你知不知道自己到底有多性感?這套泳衣穿在你身上究竟能兜遮住什麼?
裸露的脊背挺直,蚊子咬的小紅點還未消散,布滿脊背,泳衣帶子下隱約可見的腰窩,還有一顆硃砂色的小痣。
岑硯狠狠動了動喉結,目光慢慢游移到鏡子裡反射出的你,移向你塗著粉紅的泛著光的嘴唇,眸色變得幽深。
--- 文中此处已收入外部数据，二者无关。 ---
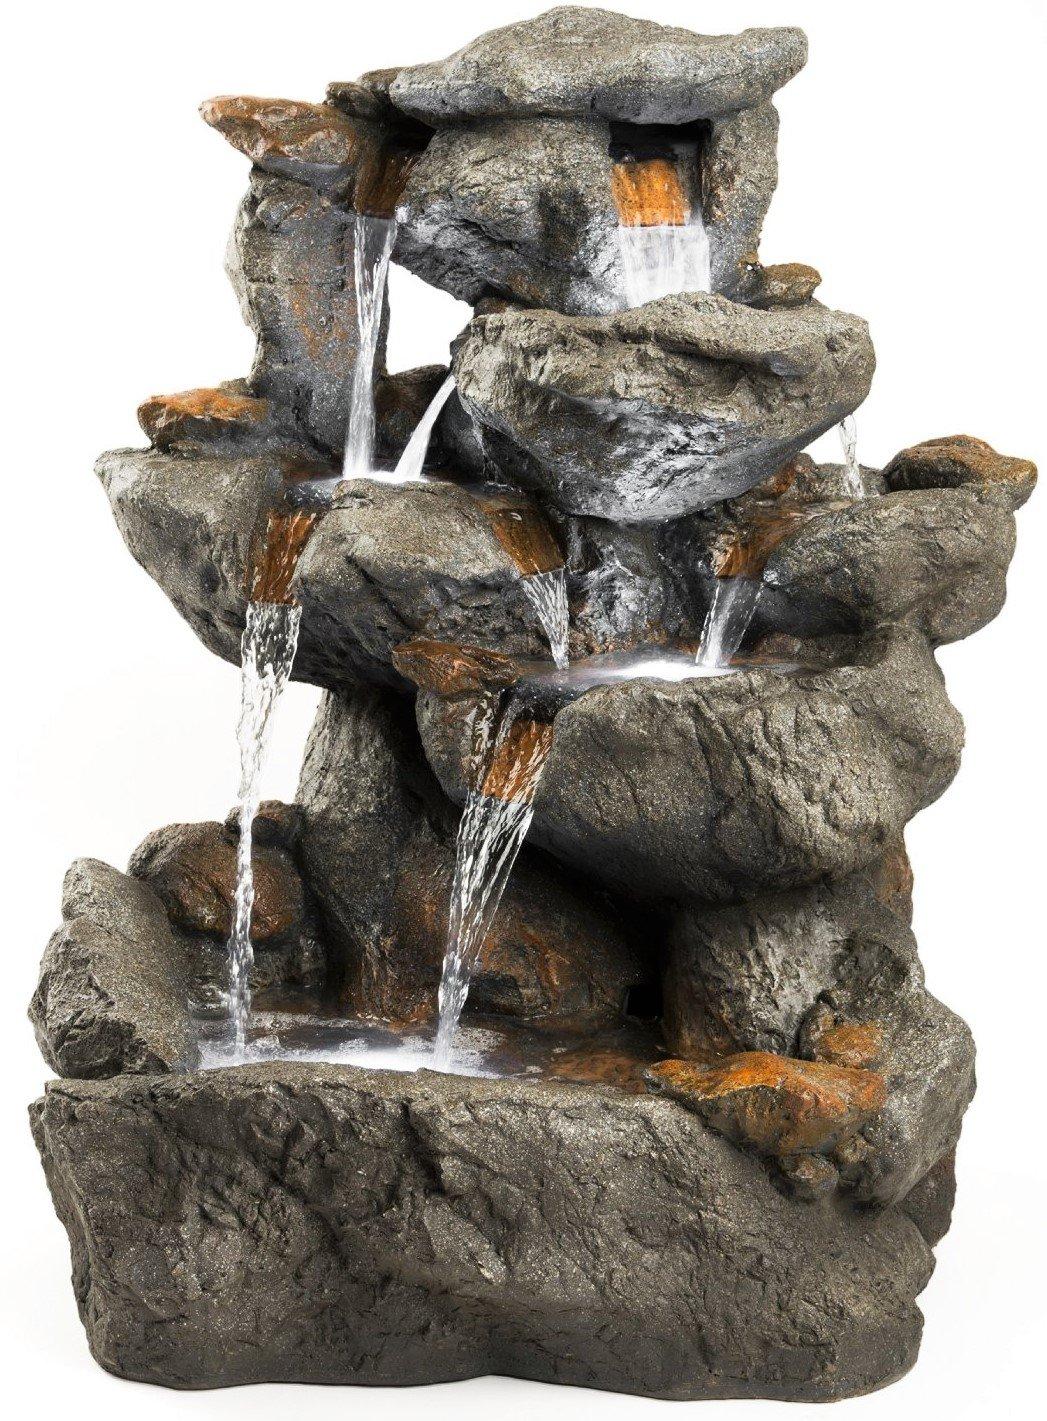 Indoor Rock Garden Amazoncom 33 Granite Rock Waterfall Fountain Outdoor Water

他慢慢走近,從背後環住你,濕熱的呼吸落在你耳後,耳垂被輕輕咬住,男人聲音已經沙啞不堪,「寶寶,好美的寶寶。」
你心底害羞,垂下眸子,眼睫不停地顫動,不敢看鏡中的自己是怎樣一副/椿/瑟,努力保持著硬氣,「岑硯!都怪你,害我穿不了泳衣!」
岑硯眯起眼,伸手從你細長的脖子一點一點撫摸到你的下巴,輕柔地掰向他,「寶寶,這不是穿著嗎?怎麼就不能穿了?」
可憐的姜姜,在酒店裡穿不也是一樣的麼?
你被這話說得呼吸一滯,已經意識到了他要做什麼,男人的手指略過你軟綿的唇,逐漸收緊。
你的手臂被他緊緊扣住,身體忍不住軟在他懷裡,「別……」
姜姜姜姜,好可愛,求饒的寶寶好可愛,揉捏了一會兒,他的另一隻手鬆開你的臂彎,撫上你軟綿的嘴唇,溫熱的呼吸從唇縫裡面撲出,甜甜的,如同爆了漿的野果一般。
「嗯……岑硯……」
「你怎麼……」
你的聲音逐漸斷斷續續,「流…氓!……混蛋!」
無論你怎麼罵他,用什麼骯髒的詞彙罵他,他都不開口,悶聲低頭吻著你的後頸。
漸漸地,你住了口,因為你發現,你罵的得越厲害,他好像越興奮。
他像外出的小狗一樣,看見主人打開了門就直直闖入門縫,主人被嚇壞了,還要低頭摸摸狗狗毛絨絨的腦袋,安撫他好不容易見到主人的激動。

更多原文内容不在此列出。